Pertama, tidaklah patut mereka mendustakan karena semuanya telah tertulis dengan jelas. Atau tidak patut mereka mendustakan, karena akal mereka yang murni atau yang dinamai fitrah tidak akan menolak kebenaran dari Allah itu.

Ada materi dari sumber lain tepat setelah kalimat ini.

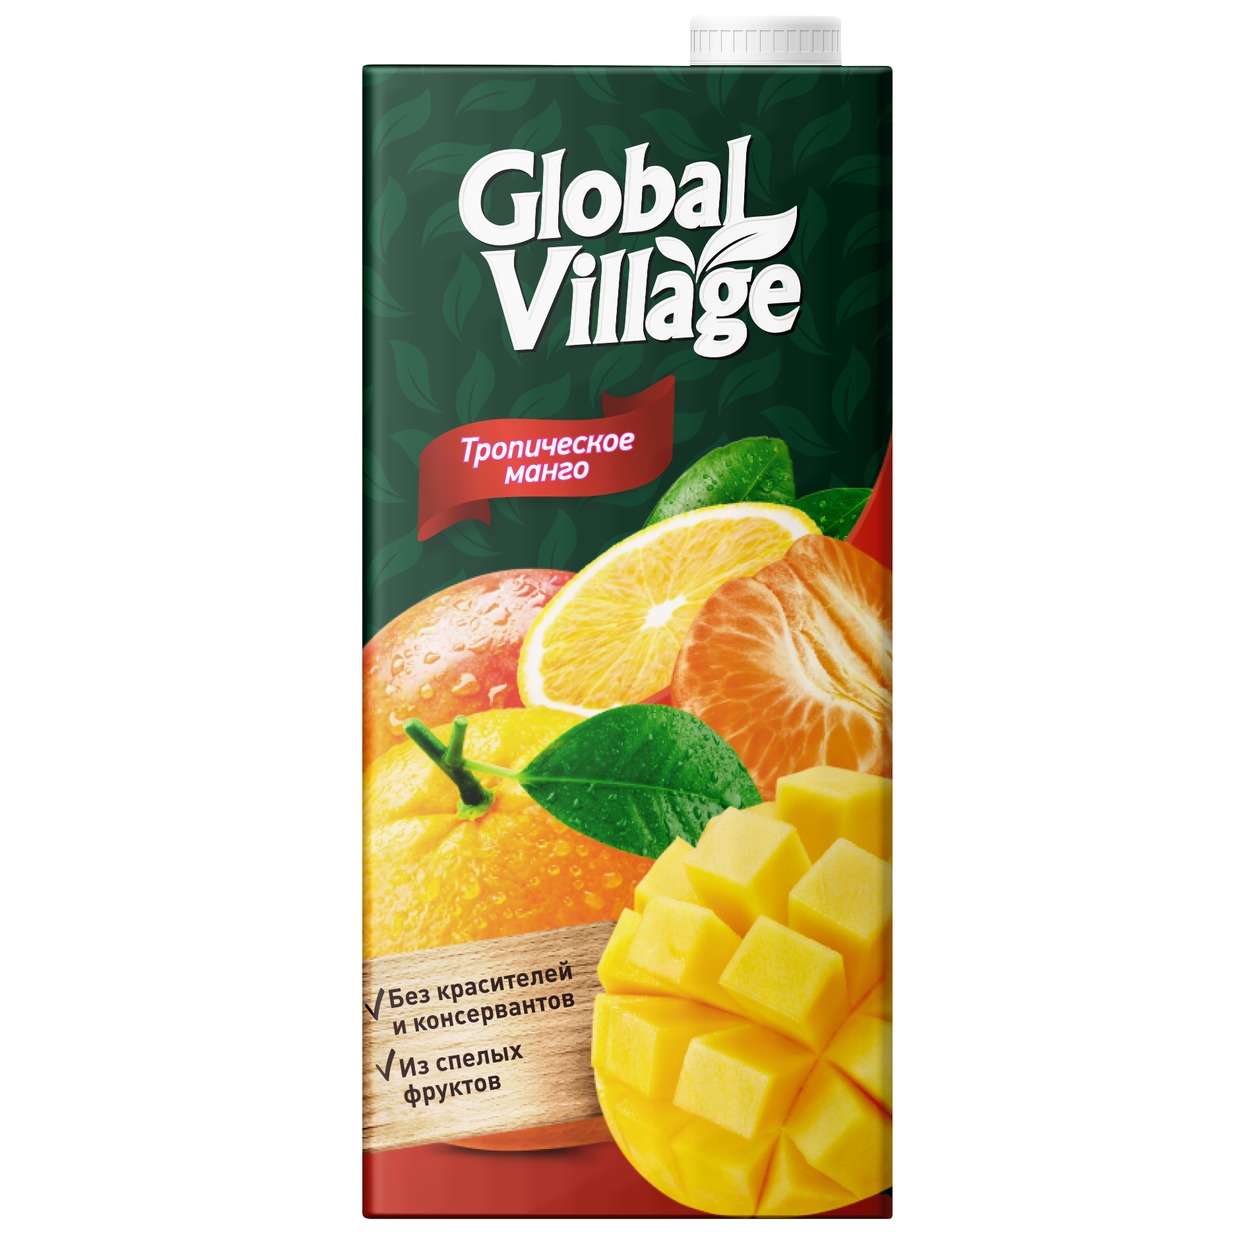 GLOBAL VILLAGE Сокосодержащий напиток из апельсинов, манго и мандаринов, 0,95л по акции в Пятерочке

Kedua, maknanya ialah bahwa manusia tidak akan dapat mengelakkan diri daripada perhitungan Allah yang sangat teliti di akhirat kelak. Sebab segala sesuatu yang telah dikerjakan oleh manusia, buruknya dan baiknya, semua sudah tertulis di dalam kitab di sisi Allah.
Ayat 30
“Sekarang rasakanlah!"
Yaitu jika datang Hari Pembalasan (Yaumul Jazaa') itu. Di saat itu kelak tidaklah akan dapat manusia berlepas diri lagi.
“Maka tidaklah akan Kami tambahkan lagi, melainkan adzab siksaan jua." (ujung ayat 30)

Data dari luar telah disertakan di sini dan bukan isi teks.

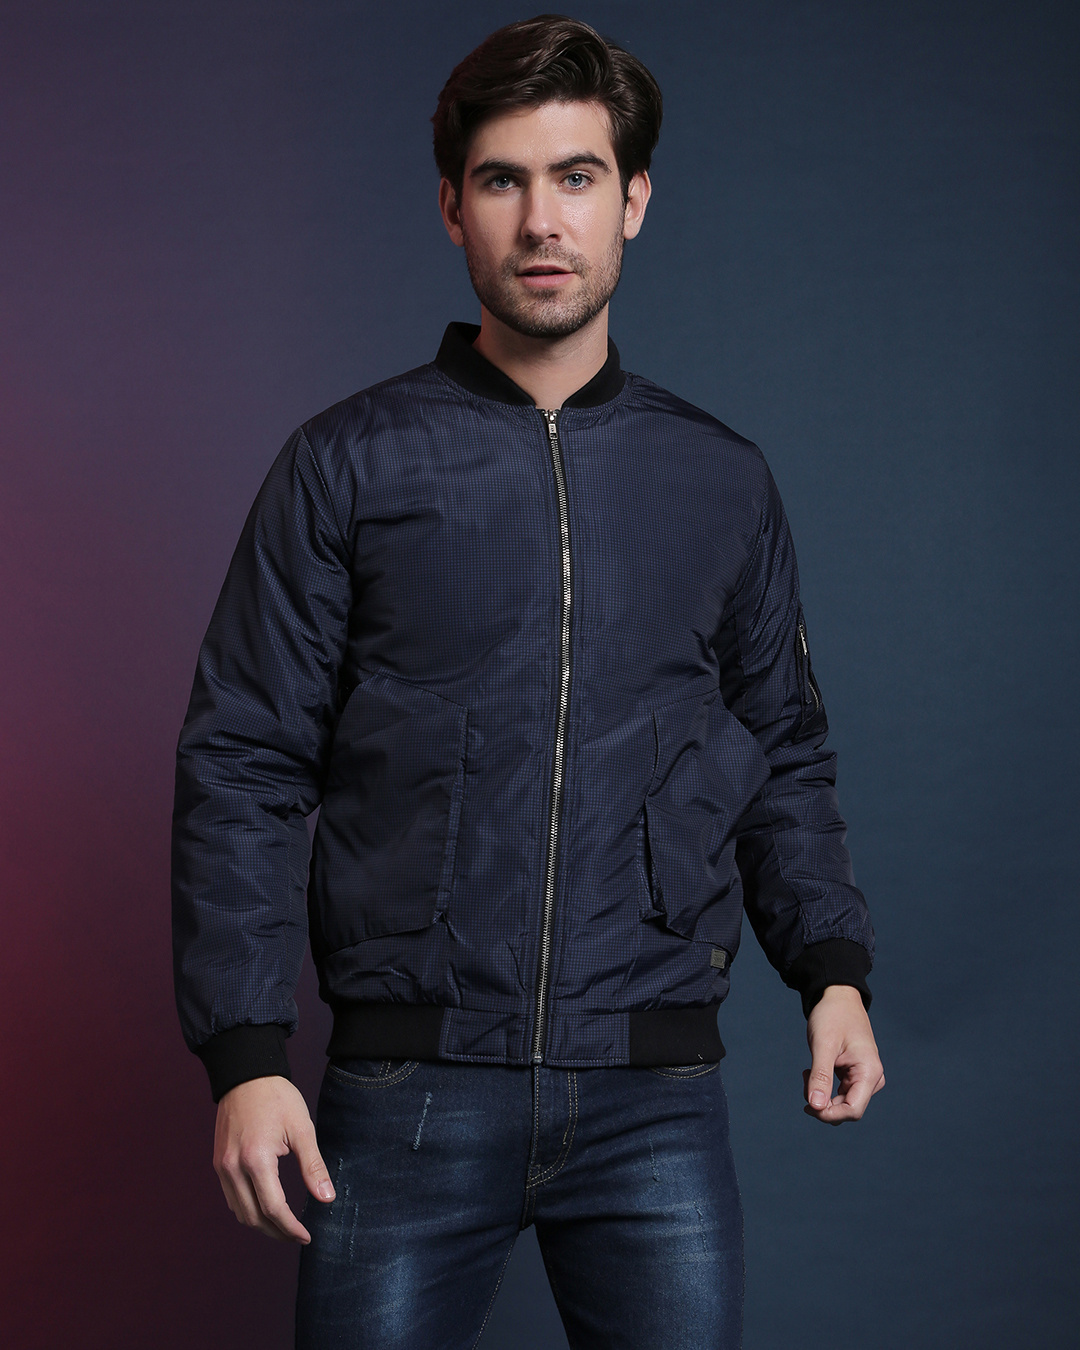 Buy Men's Blue & Black Solid Regular Fit Jacket for Men Blue Online at ...

Artinya, bahwa sesampai di dalam neraka Jahannam itu janganlah mengharap adzab akan dikurangi, melainkan sebaliknyalah yang akan terjadi, yaitu penambahan adzab, berlipat ganda, dan terus-menerus.

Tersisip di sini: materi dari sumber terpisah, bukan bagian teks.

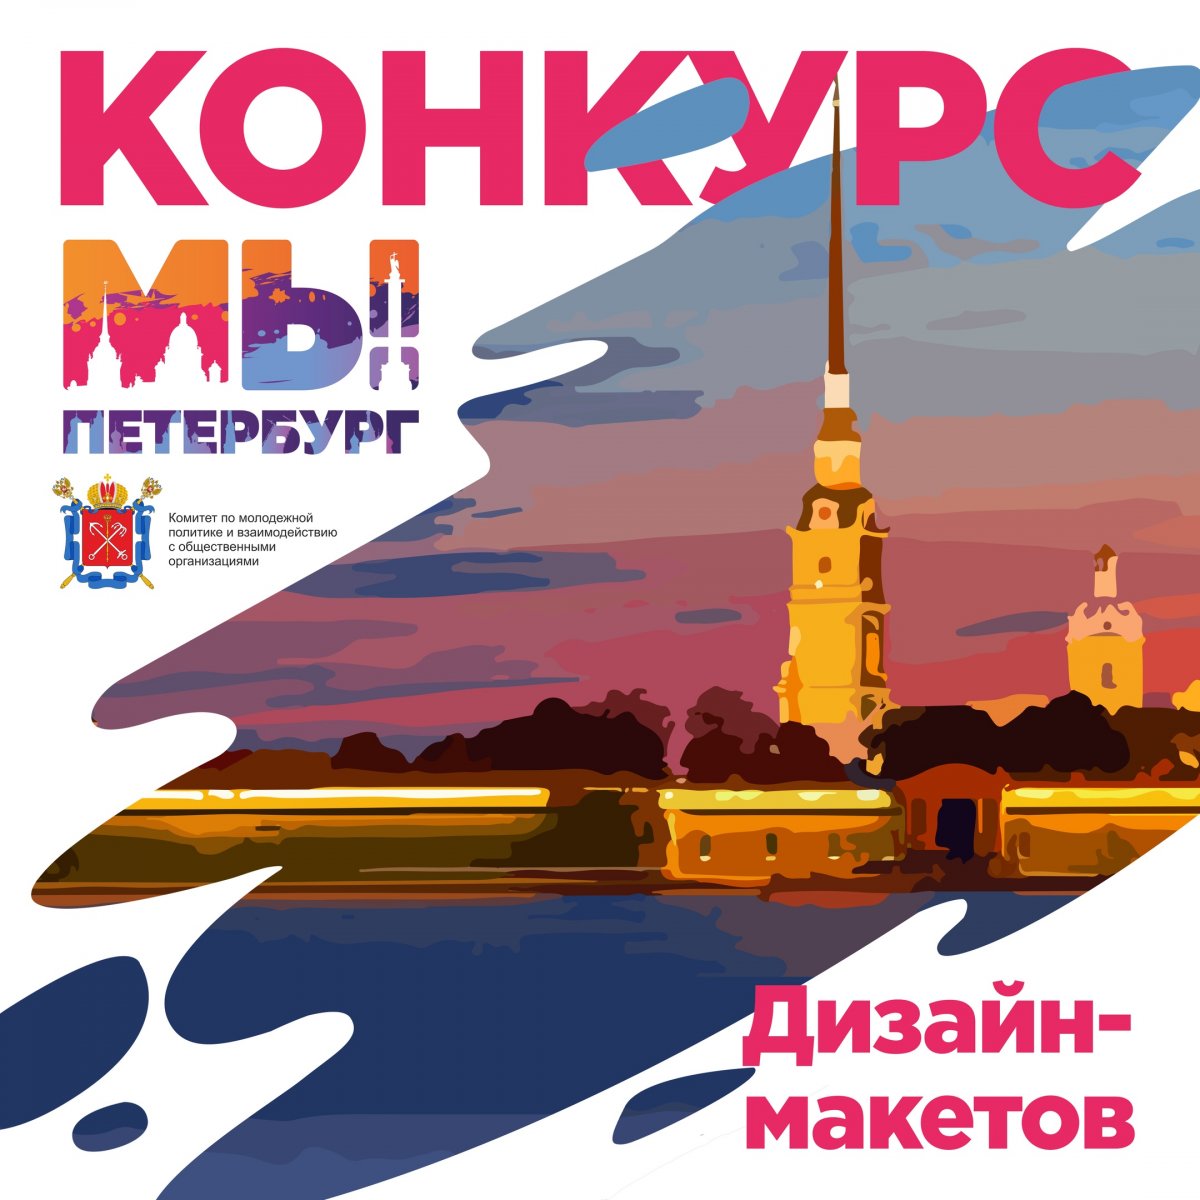 Комитет по молодежной политике и взаимодействию с общественными организациями проводит Конкурс дизайн-макетов среди молодежи по тематике поддержания гражданского мира и общественного согласия в Санкт-Петербурге

Ada orang yang dengan semena-mena mencoba mengguncangkan kepercayaan Islam dengan menyebutkan bahwa ayat-ayat yang seperti ini adalah membuktikan bahwa Allah yang digambarkan oleh orang Islam itu kejam! Seorang Islam yang tidak mengerti serangan yang tengah dilakukan oleh pemeluk agama lain kepada Islam untuk mengguncang iman kaum Muslimin, tidak dapat membantah tuduhan tersebut, lalu merasa pula kalau-kalau Allah itu kejam. Padahal ayat-ayat seperti ini sangat memberikan bukti bahwa Allah itu tidak kejam! Kalau kejam semata-mata kejam, tidaklah akan diperingatkannya kepada hamba-hamba-Nya dengan perantaraan nabi-nabi-Nya, agar hamba-hamba-Nya ingat keadaan adzab itu, supaya si hamba menjauhkan diri daripadanya. Karena selama hidup di dunia inilah saat-saat yang semudah-mudahnya untuk mengelakkan adzab siksaan yang pedih itu, dengan cara mengikuti pimpinan yang disampaikan Allah dan dibawakan oleh rasul-rasul. Padahal sebelum adzab neraka di akhirat, kerap kali manusia telah menerima panjar (DP) adzab ketika di dunia ini juga. Misalnya adzab karena kusut pikiran, kacau akal, terguncang urat saraf dan sakit jiwa, yang semuanya itu berasal dari sebab pelanggaran garis-garis yang telah ditentukan oleh Allah.